Remember this blog post? The one in which I verbosely extolled the virtues of Aomori’s winter and romanticized how beautiful it is? Yeah, after this weekend, I am seriously rethinking that pro-winter standpoint. After a monster of a snowstorm stranded me out in one of the small towns that surround Aomori City on Sunday night, I had to shell out nearly ninety dollars in taxi fare to get back into the city for work this morning. Trains were canceled, bus services were limited…but such is the nature of the beast, I suppose.
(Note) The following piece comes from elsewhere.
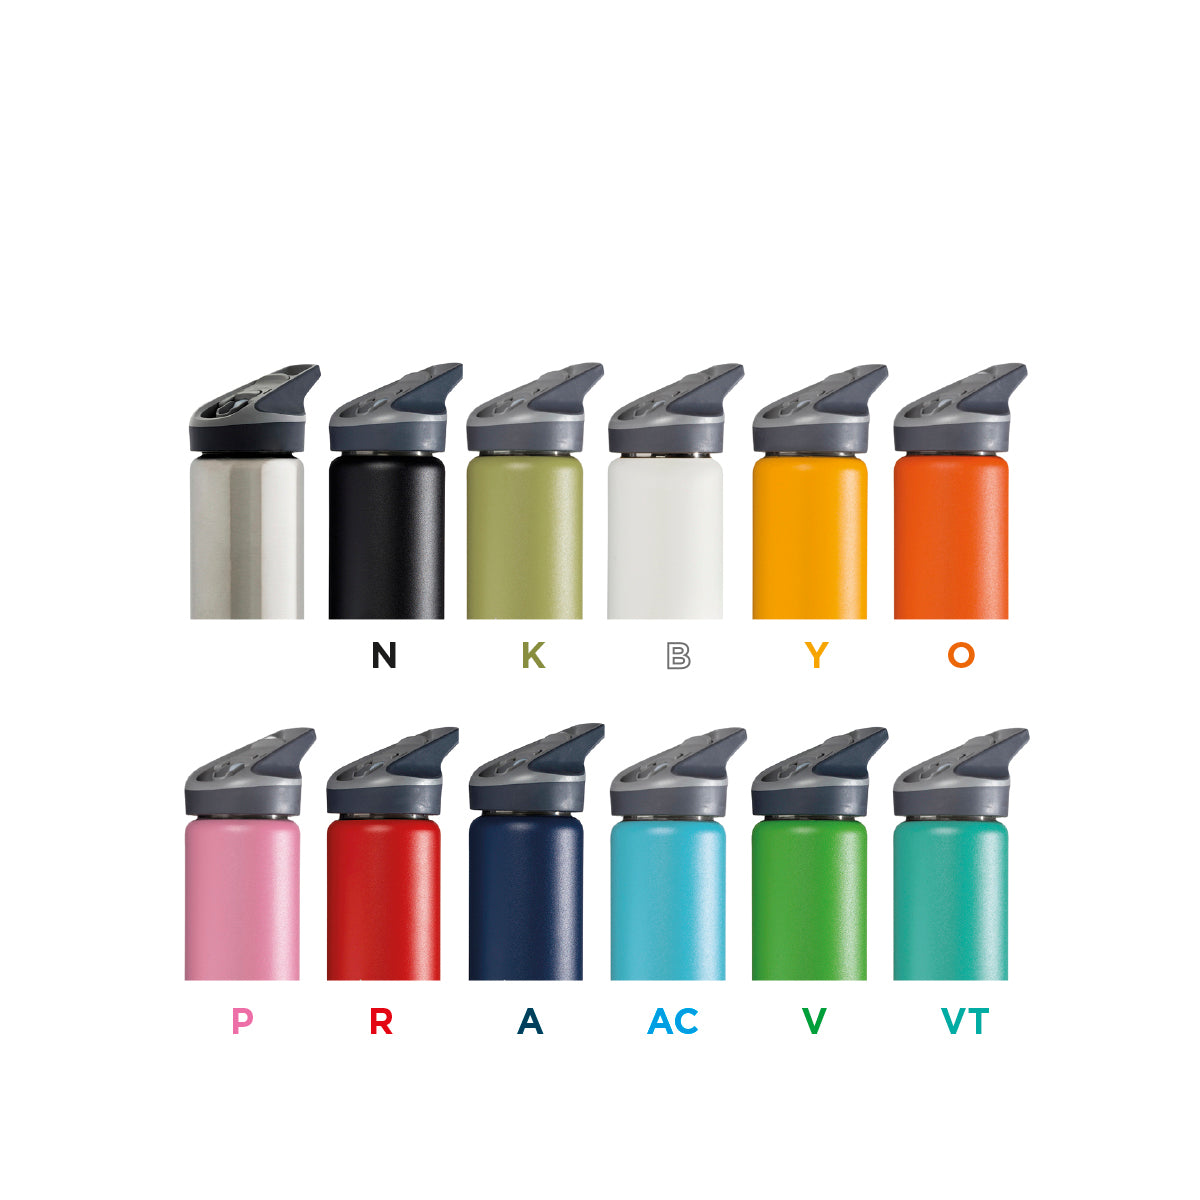 Laken RVS drinkfles Thermic Jannu - Diverse kleuren

If this – a slightly thinner wallet and a minor headache – is the extent of the grief that winter this year causes me, I’ll consider myself a lucky woman. (As I am running on about three and a half hours of sleep, I’ll also consider myself a lucky woman if I don’t faceplant into my coffee today at work.)

But this post is not about the trials and tribulations about Aomori’s winter conditions. Nope! This post is about birthday celebrations! Last Wednesday, February 20th, was my 24th (!!!!) birthday. This past year has been an absolutely fantastic one, and I can’t wait to see what the next holds in store.

For celebrations, five friends and I headed to Kantaro, our favorite conveyor belt sushi restaurant. Kaiten-sushi (回転寿司) is hands down one of my favorite styles of eating in Japan, as it’s usually cheap and quite convenient. However, some conveyor belt sushi joints leave something to be desired in the “quality” category. Kantaro, however, is downright delicious and is pretty cheap, as well. Those two things make for a perfect restaurant, in my opinion.

Put scallop sushi in front of me, and I am a happy woman.
Put scallop sushi in front of me, and I am a happy woman.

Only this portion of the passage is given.